** Opening STUDY MATERIAL block **
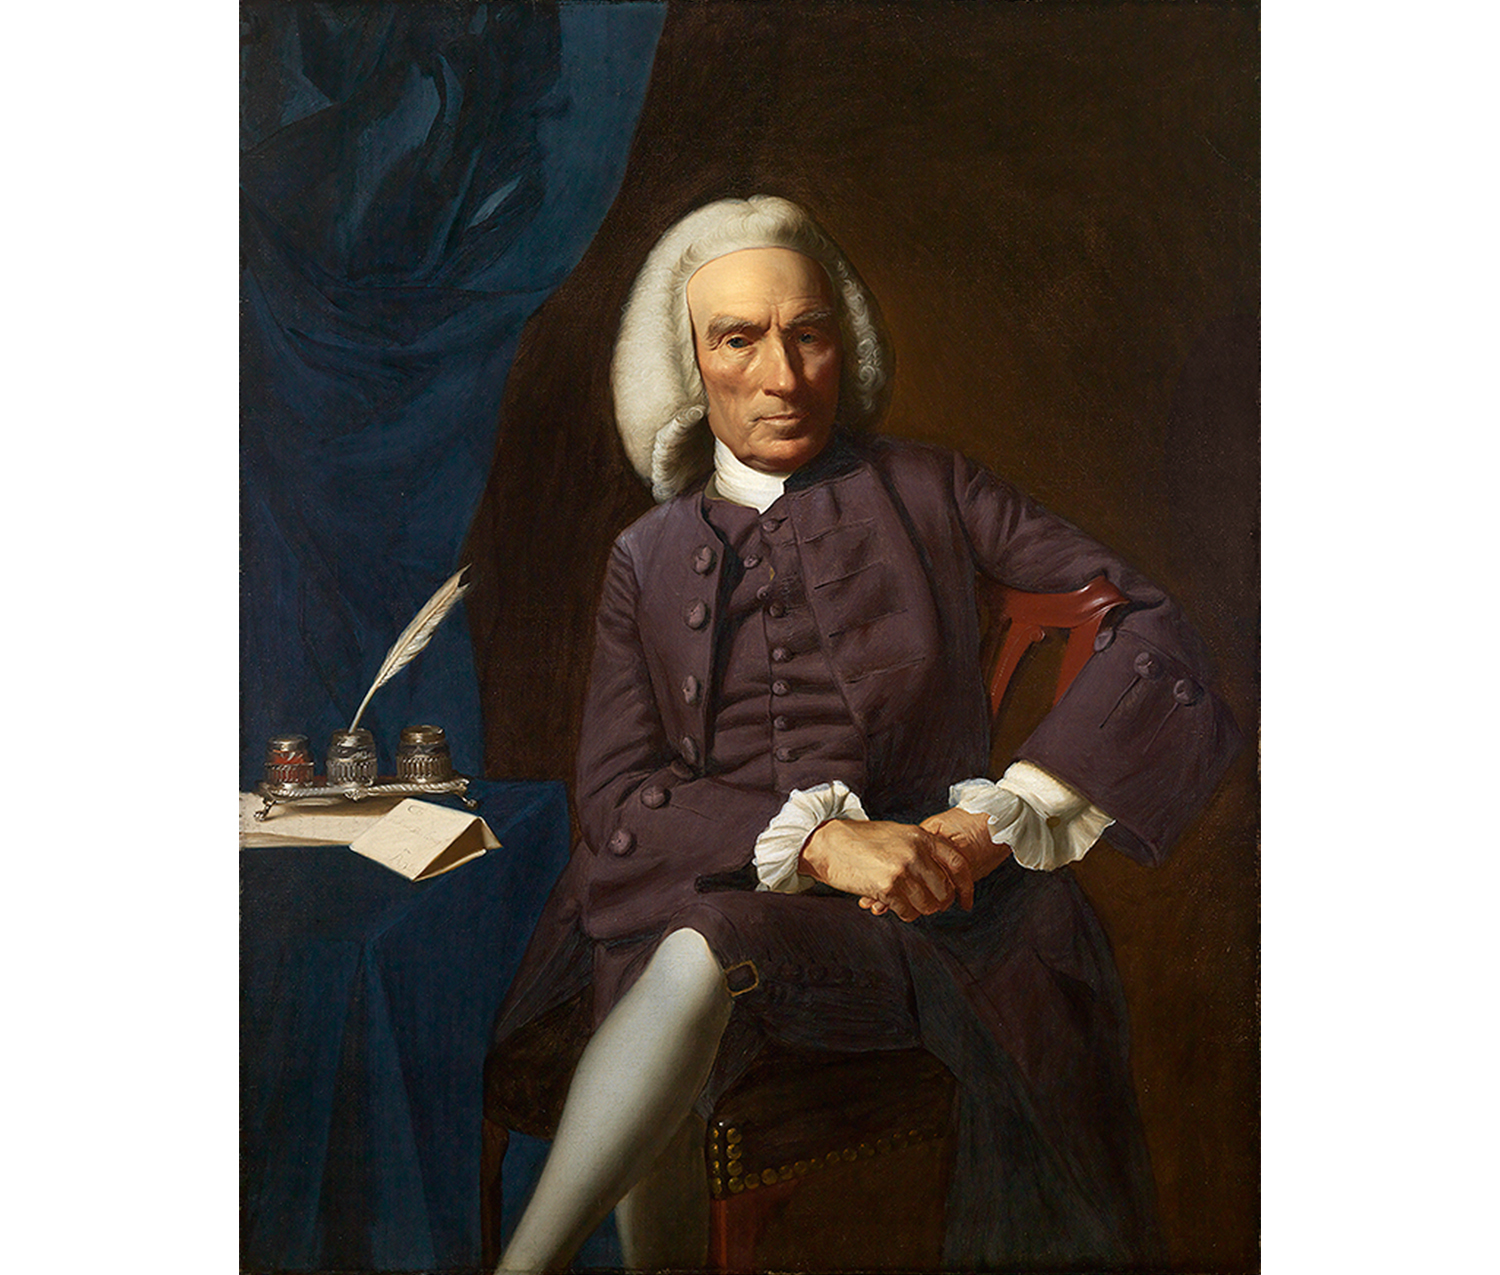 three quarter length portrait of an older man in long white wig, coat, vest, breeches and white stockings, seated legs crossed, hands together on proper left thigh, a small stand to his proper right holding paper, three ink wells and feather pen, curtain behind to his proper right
** Closing STUDY MATERIAL block **
** Opening STUDY MATERIAL block **
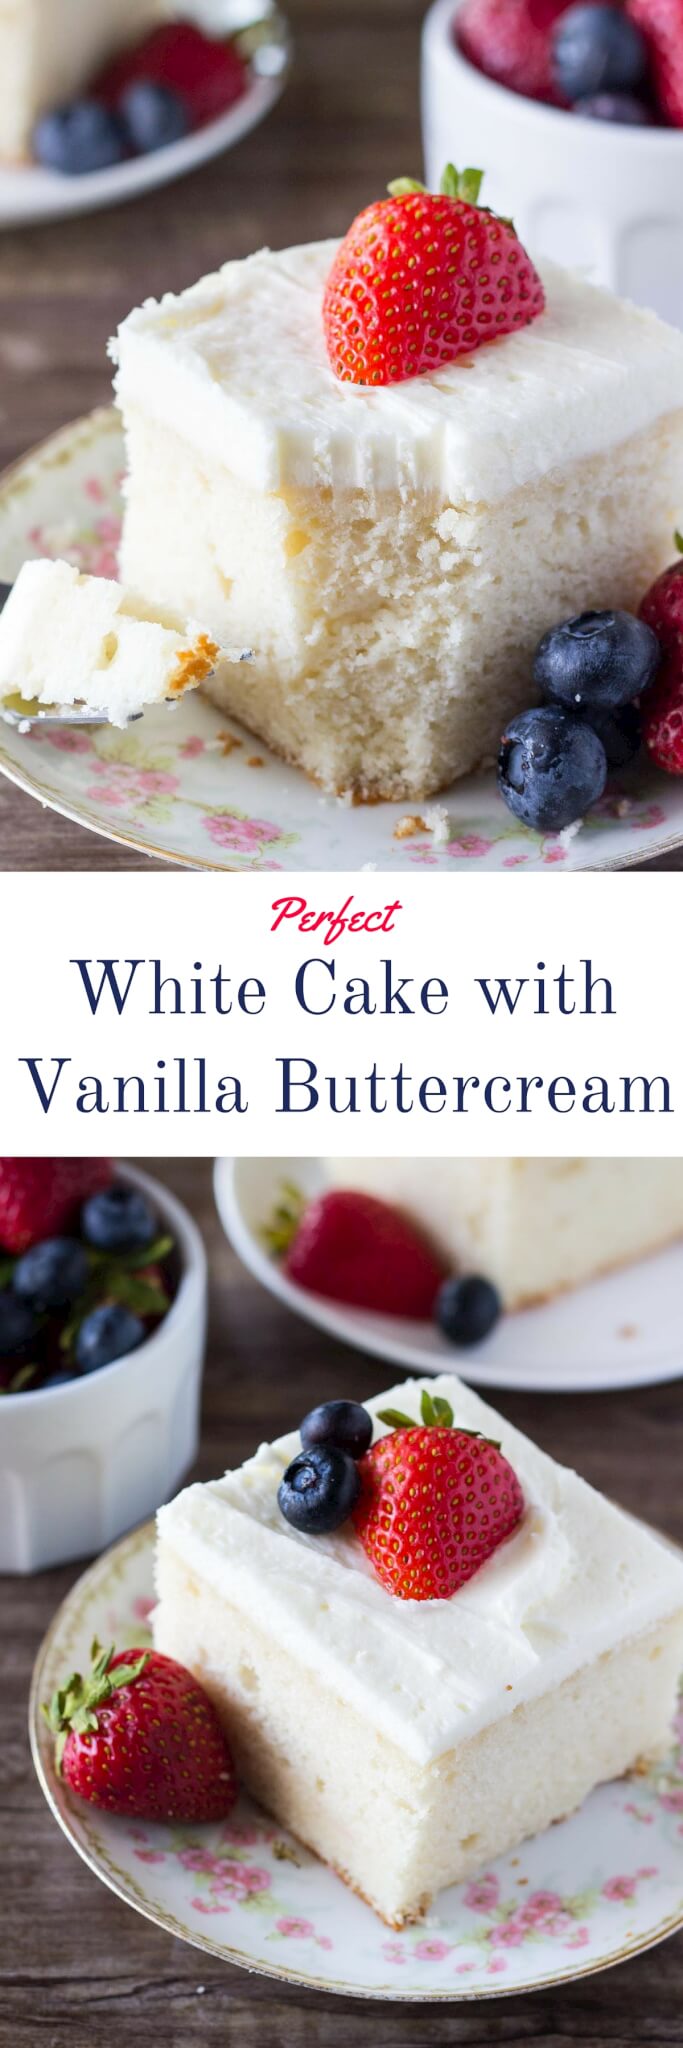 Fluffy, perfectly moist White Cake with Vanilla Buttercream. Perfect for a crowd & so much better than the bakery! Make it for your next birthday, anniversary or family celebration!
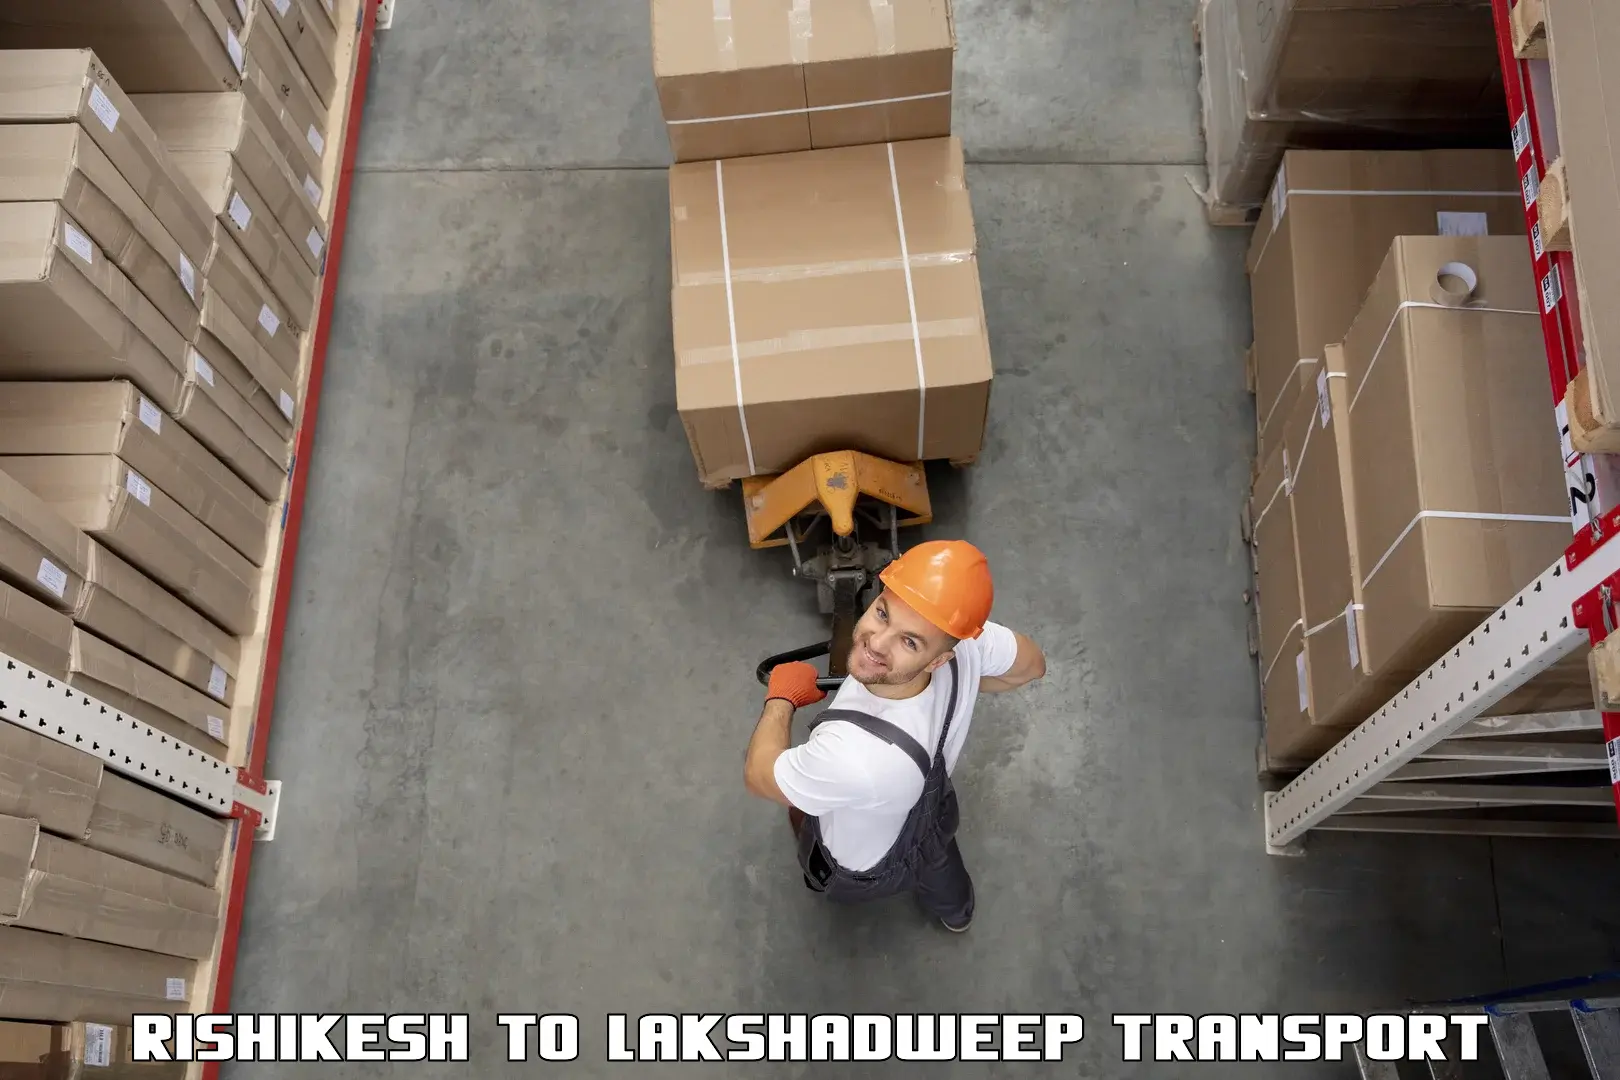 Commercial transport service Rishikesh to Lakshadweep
** Closing STUDY MATERIAL block **
** Opening STUDY MATERIAL block **
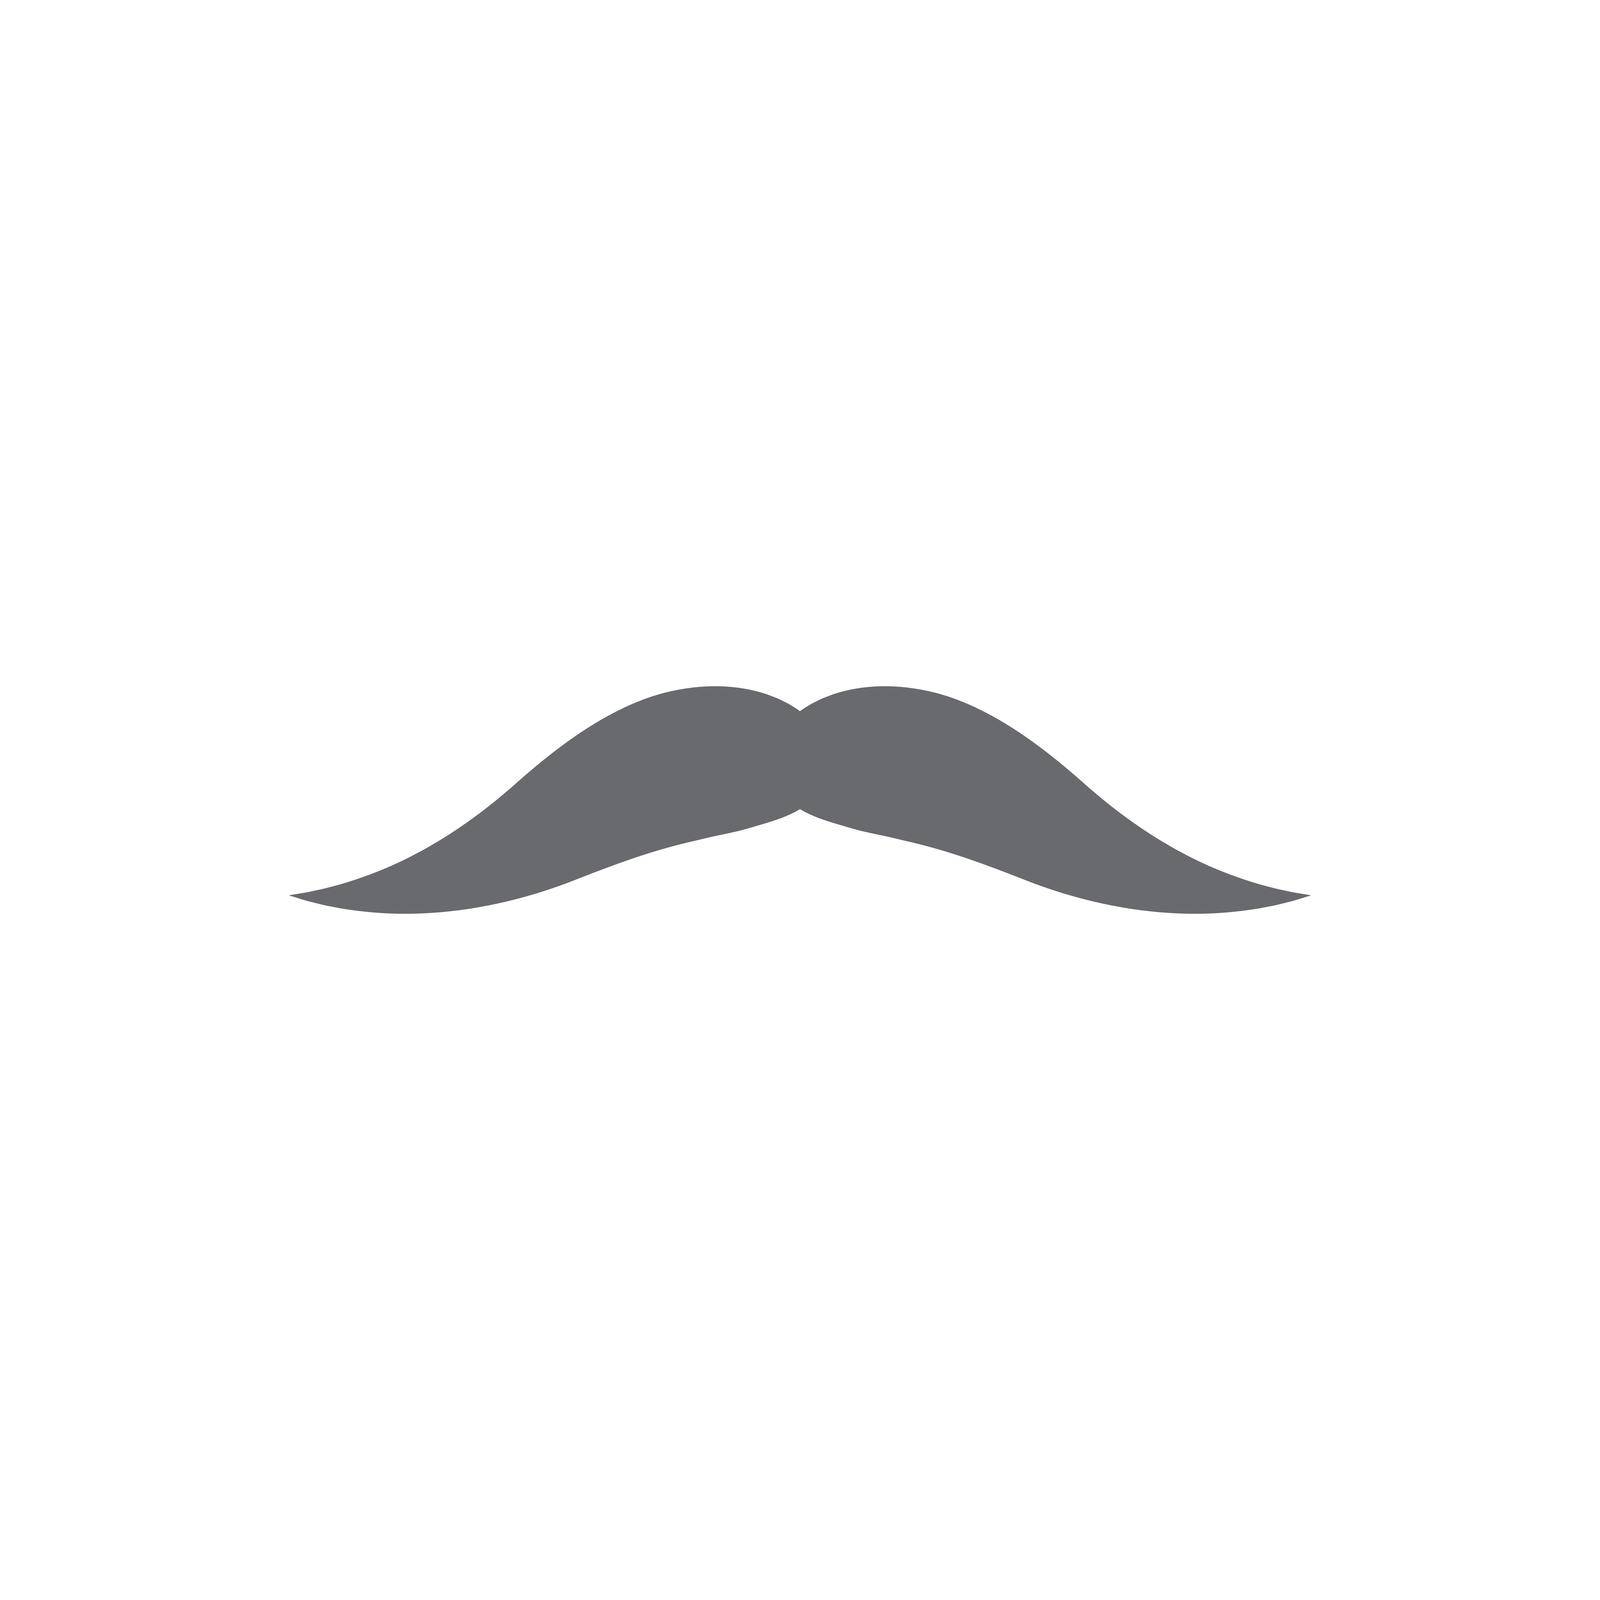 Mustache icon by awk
** Closing STUDY MATERIAL block **
### WORK TO BE COMPLETED
Within the listing above, extract exactly the lines that run from the one containing "Fluffy, perfectly moist" through the one containing "Commercial transport service", excluding any pictures.

### EXERCISE SOLUTION
 Fluffy, perfectly moist White Cake with Vanilla Buttercream. Perfect for a crowd & so much better than the bakery! Make it for your next birthday, anniversary or family celebration!
 Commercial transport service Rishikesh to Lakshadweep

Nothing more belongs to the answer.